Here's my code so far.
Upvotes: 0
Views: 495
Reputation: 120409
The answer of @sophocles is probably the right.
However if you just want to reorder columns in a lexicographical order for instance, try:
tags = ['Tag 1', 'Tag 2']
df[tags] = df[tags].apply(lambda x: sorted(tuple(x)), axis=1, result_type='expand')
print(df)
# Output
Tag 1 Tag 2
0 Amazon Twitter
1 Amazon Google
2 Amazon eBay
3 Facebook Reddit
Upvotes: 1
Reputation: 382
This might do it
import pandas as pd
import numpy as np
data = {'Tag 1': ['Amazon', 'Amazon', 'eBay', 'Reddit'],
'Tag 2': ['Twitter', 'Google', 'Amazon', 'Facebook']}
df = pd.DataFrame(data)
values = np.unique(df['Tag 1'].values) # All unique values in Tag 1
swapped = [] # So we don't double swap
for val in values:
rows = df.loc[df['Tag 2'] == val] # Get rows in Tag 2 that matches
for idx, row in rows.iterrows():
if idx in swapped: # Ignore if already swapped
continue
# Swap the values
temp = df.iloc[idx]['Tag 2']
df.iloc[idx]['Tag 2'] = df.iloc[idx]['Tag 1']

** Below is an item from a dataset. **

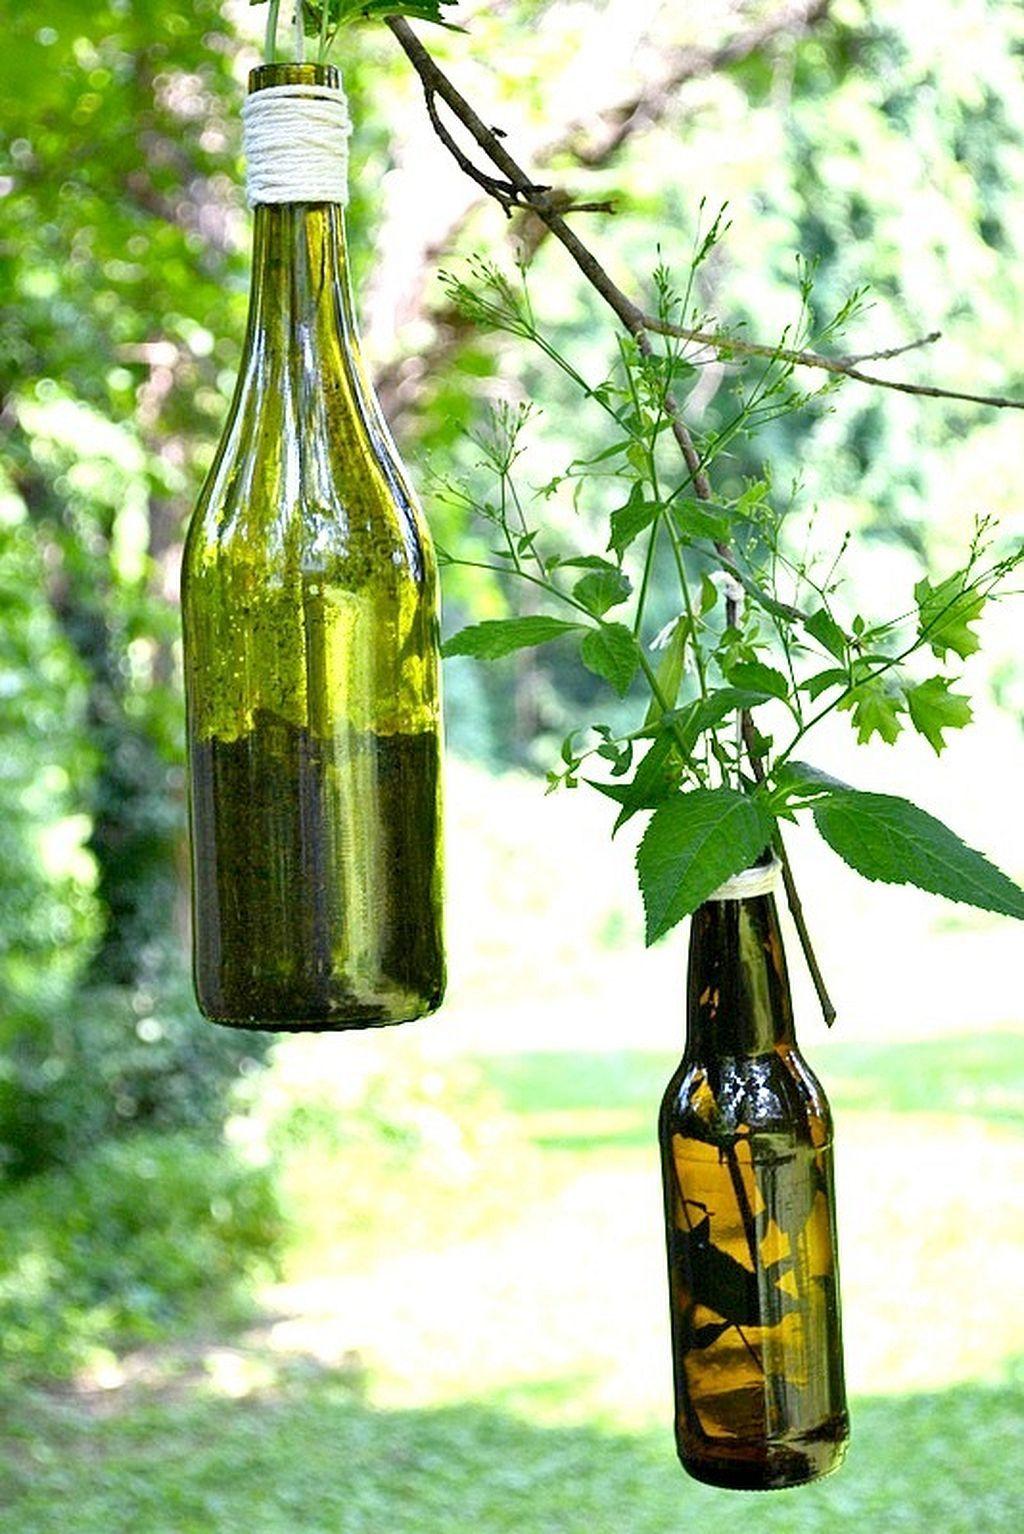 Awesome 17 Wine Bottle Plant Hanger Ideas https://gardenmagz.com/17 ...
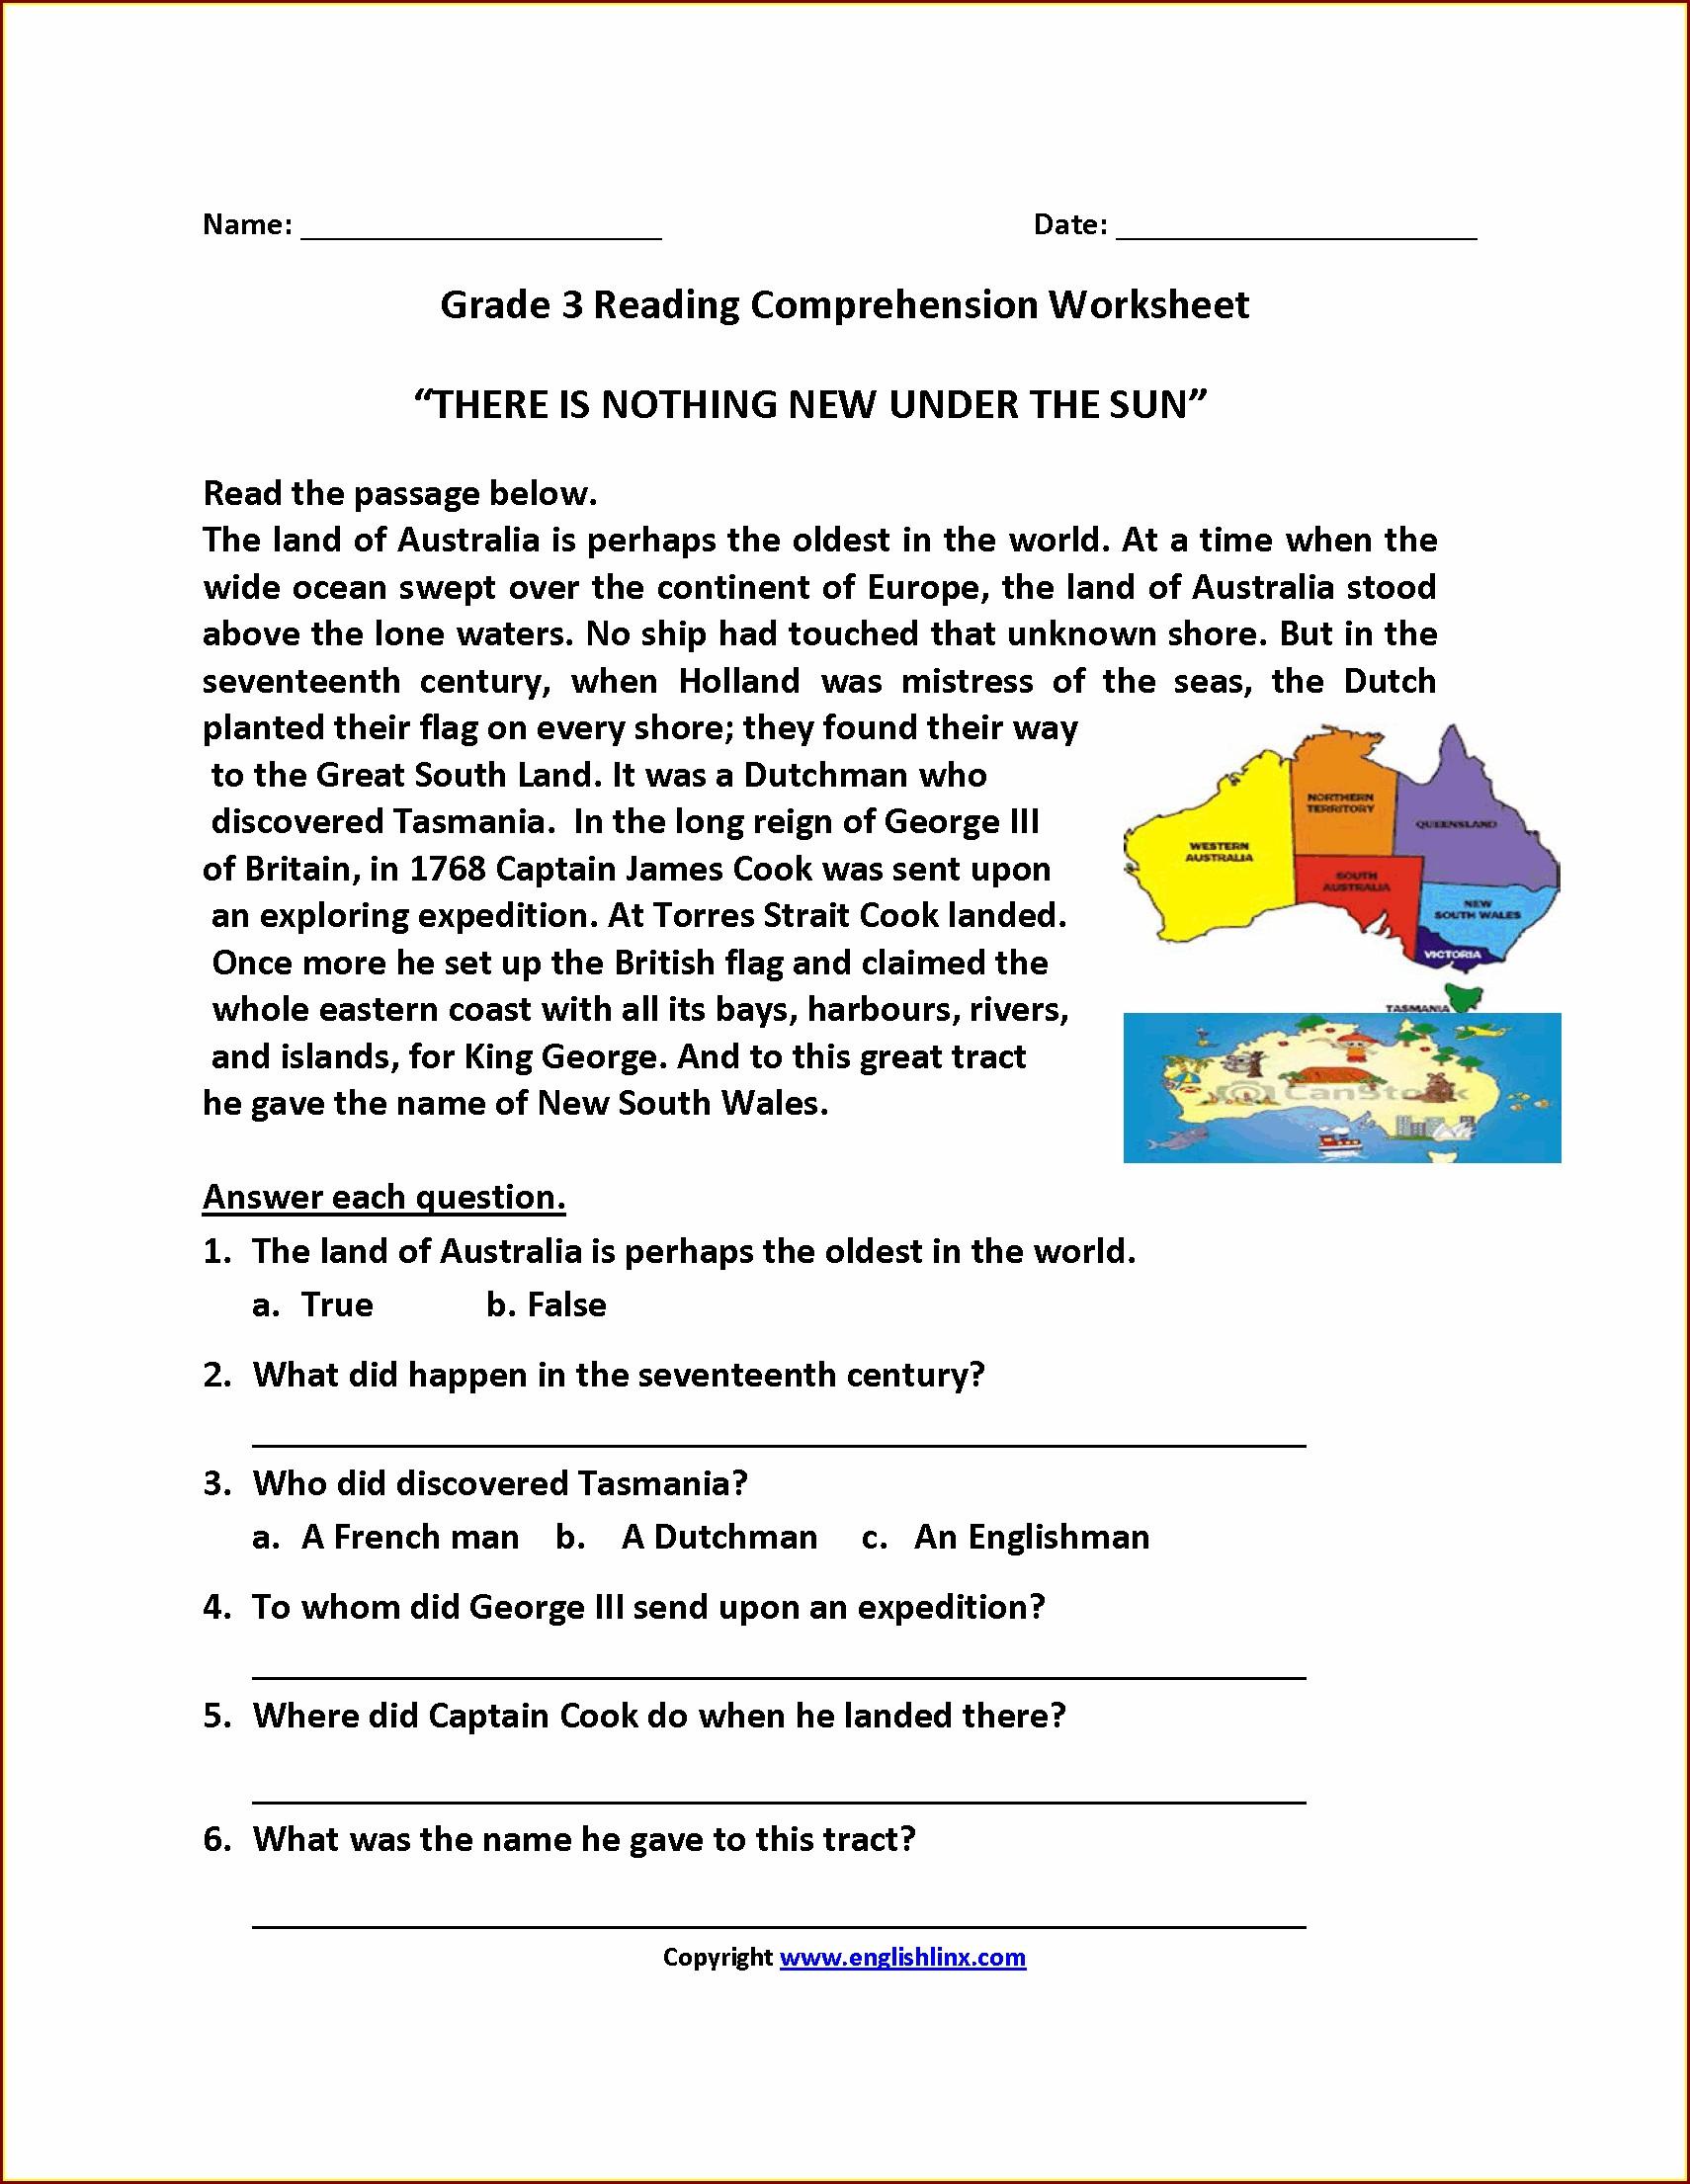 Comprehension Worksheet Year 3

df.iloc[idx]['Tag 1'] = temp
swapped.append(idx)
There are probably more efficient solutions, but I think this is pretty clear. It goes through each unique value in the 'Tag 1' column and checks for matches in the 'Tag 2' column, and swaps them. I was not sure if you wanted to avoid double swaps, but that can be removed if it's not a requirement.
Upvotes: 1
Reputation: 13821
You could use pd.where
to check when a value in 'Tag 2' existis in 'Tag 1' using isin
and swap the values when you assign back:
df[['Tag 1','Tag 2']] = df[['Tag 2','Tag 1']].where(
df['Tag 2'].isin(df['Tag 1'].tolist()), df[['Tag 1','Tag 2']].values)
prints back:
Tag 1 Tag 2
0 Amazon Twitter
1 Amazon Google
2 Amazon eBay
3 Reddit Facebook
Upvotes: 1